Warfare, like business, has guidelines and rules and principles though -- and business can be Darwinian with survival of the fittest and most adaptable companies.

It's important in using this metaphor, however, to understand that business warfare is not against customers but about winning hearts and minds and gaining competitive advantage. It's about market share and influence in the mind of the customer.

A researcher named Langdon Morris performed analysis of Fortune 500 and Forbes 100 companies over the past several decades and discovered some interesting trends. Morris found that between 1979 and 1983 that one third of the Fortune 500 went out of business or fell off the list and that the list had a 6 percent annual turnover. The Fortune 100 was almost as bad.

If you extrapolate the data, says Platt, and Project it forward, you find an interesting trend. Authors Richard Foster and Sarah Kaplan have predicted that only a third of today's major corporations will survive as businesses for the next 25 years; most will die or be bought out and absorbed.

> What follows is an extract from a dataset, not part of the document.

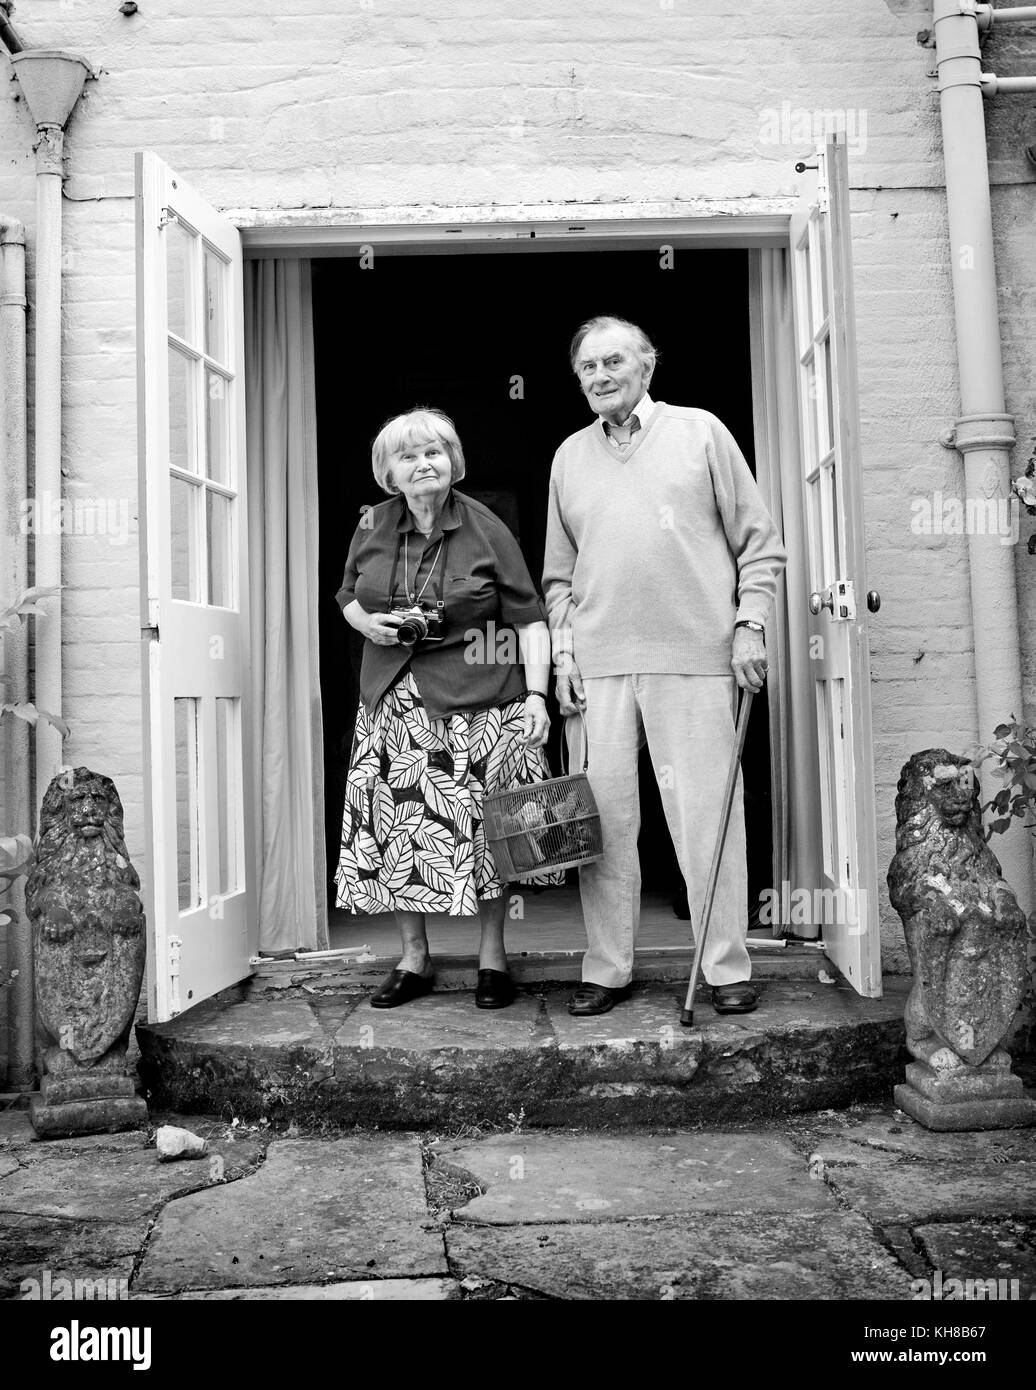 Photographer Jane Bown (13 March 1925 – 21 December 2014) and cartoonist/ illustrator Haro Hodson, B&W portrait in doorway Stock Photo

"The reality is that we're looking at drastically compressed planning horizons for every company and the need for fast response," he concludes. The root cause of the dropoff is the adaptability issue, just as the best fighters tend to survive a war.

So what does this all have to do with the Art of War? Sun Tzu said that the highest form of competing is to win without fighting. In business, that means winning customers' hearts and minds and to compete where competitors are not. One tool for accomplishing the latter is called the Blue Ocean Strategy of seeking calm waters, which contrasts with the Red Ocean strategy of sailing into bloody water.

Another tool, to resort to a military analogy, which be the OODA Loop, which was developed by an Air Force colonel. OODA stands for Observe, Orient, Decide, and Act.